Introduction

In an epidemiological study, data may be grouped according to the different examinations, such as laboratory, blood pressure or ultrasound measurements. The corresponding metadata to describe single segments is termed segment level.


How dataquieR uses segment level metadata

To analyze data quality at the segment level, the item level must include information about which variable corresponds to each segment in the column labelled STUDY_SEGMENT.


Segment level metadata for data quality reporting


STUDY_SEGMENT

This column includes the name of the study segment (as strings), defined for each variable.


SEGMENT_RECORD_COUNT

Specifies the number of expected data records in each study segment. The value must be an integer. The check will only be conducted if a number is entered.

For example, the data frame level count metadata may be:

STUDY_SEGMENT SEGMENT_RECORD_COUNT
STUDY 3000
PHYS_EXAM 2000
LAB 1990
INTERVIEW 3000
QUESTIONNAIRE 2981


SEGMENT_ID_TABLE

The name of the table containing the reference IDs to be compared with the IDs in the targeted segment. The input must be a string and can refer to a spreadsheet in the same or another workbook or an URL.

In the example below, for the first four segments, the IDs are specified in the sheet called expected_ids of the same workbook. In contrast, the IDs for PART_QUESTIONNAIRE are provided in the pseudo_id sheet of the questionnaire_data.xlsx workbook. Since this is a different workbook, its path must be specified.

STUDY_SEGMENT SEGMENT_ID_TABLE
STUDY expected_id
PHYS_EXAM expected_id
LAB expected_id
INTERVIEW expected_id
QUESTIONNAIRE d:/data/questionnaire_data.xlsx | pseudo_id


SEGMENT_RECORD_CHECK

A string that sets the type of check to be conducted when comparing the reference ID table with the IDs in a segment. Two checks are possible:

  • exact: tests for an exact match between SEGMENT_ID_REF_TABLE and the IDs in STUDY_SEGMENT, or
  • subset: expects that the IDs in STUDY_SEGMENT are a subset of SEGMENT_ID_TABLE.

For instance, the PART_STUDY, PART_INTERVIEW and PART_QUESTIONNAIRE may comprise all participants from a study, while particular sections, such as PART_PHYS_EXAM and PART_LAB, may have only been collected from a smaller participant sample:

STUDY_SEGMENT SEGMENT_RECORD_CHECK
STUDY exact
PHYS_EXAM subset
LAB subset
INTERVIEW exact
QUESTIONNAIRE exact


SEGMENT_ID_VARS

Defines all variables to be used as one single ID variable (a combined key) in a segment. The list of variables must be a string in which each variable is separated by a pipe character (|).
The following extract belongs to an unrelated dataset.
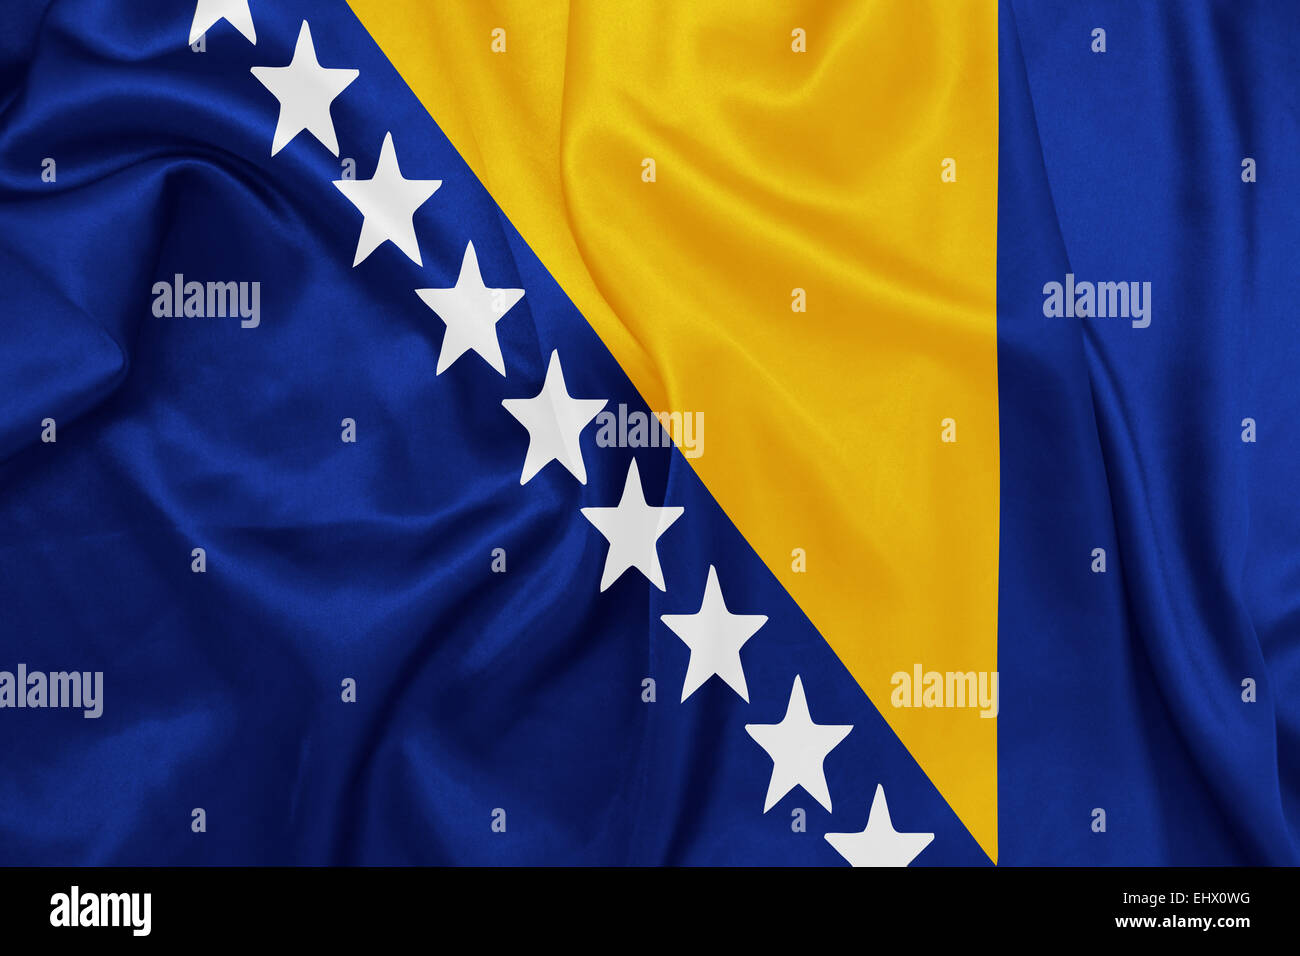 Bosnia and Herzegovina - Waving national flag on silk texture Stock Photo

For example, the ID for PART_PHYS_EXAM is defined by a combined key specified by a list of variables, where the key consists of the “PSEUDO_ID” and “CENTER_0” variables. For the rest of the variables, the ID is specified by the variable “v00001”:

STUDY_SEGMENT SEGMENT_ID_VARS
STUDY v00001
PHYS_EXAM PSEUDO_ID | CENTER_0
LAB v00001
INTERVIEW v00001
QUESTIONNAIRE v00001


SEGMENT_UNIQUE_ROWS

Specifies whether identical data is permitted across rows in a segment (excluding ID variables). The input is a Boolean, meaning:

  • false: allow repeated rows, or
  • true: rows must be unique.

For instance, row repetitions may be allowed for PART_PHYS_EXAM and PART_LAB but not for the rest of the segments.

STUDY_SEGMENT SEGMENT_UNIQUE_ROWS
STUDY true
PHYS_EXAM false
LAB false
INTERVIEW true
QUESTIONNAIRE true

SEGMENT_PART_VARS

Provides the name of the variable that indicates participation in the respective segment. For instance:

STUDY_SEGMENT SEGMENT_PART_VARS
STUDY seg_study_part
PHYS_EXAM seg_phys_exam_part
LAB seg_lab_part
INTERVIEW seg_interview_part
QUESTIONNAIRE seg_questionnaire_part

In the study data, each segment participation variable contains participation and missing codes (e.g., -10000, 99980, 99981). If interpretation codes are provided in a separate table (e.g., segment_missing_table), the participation codes allow the calculation of qualified missingness rates per segment.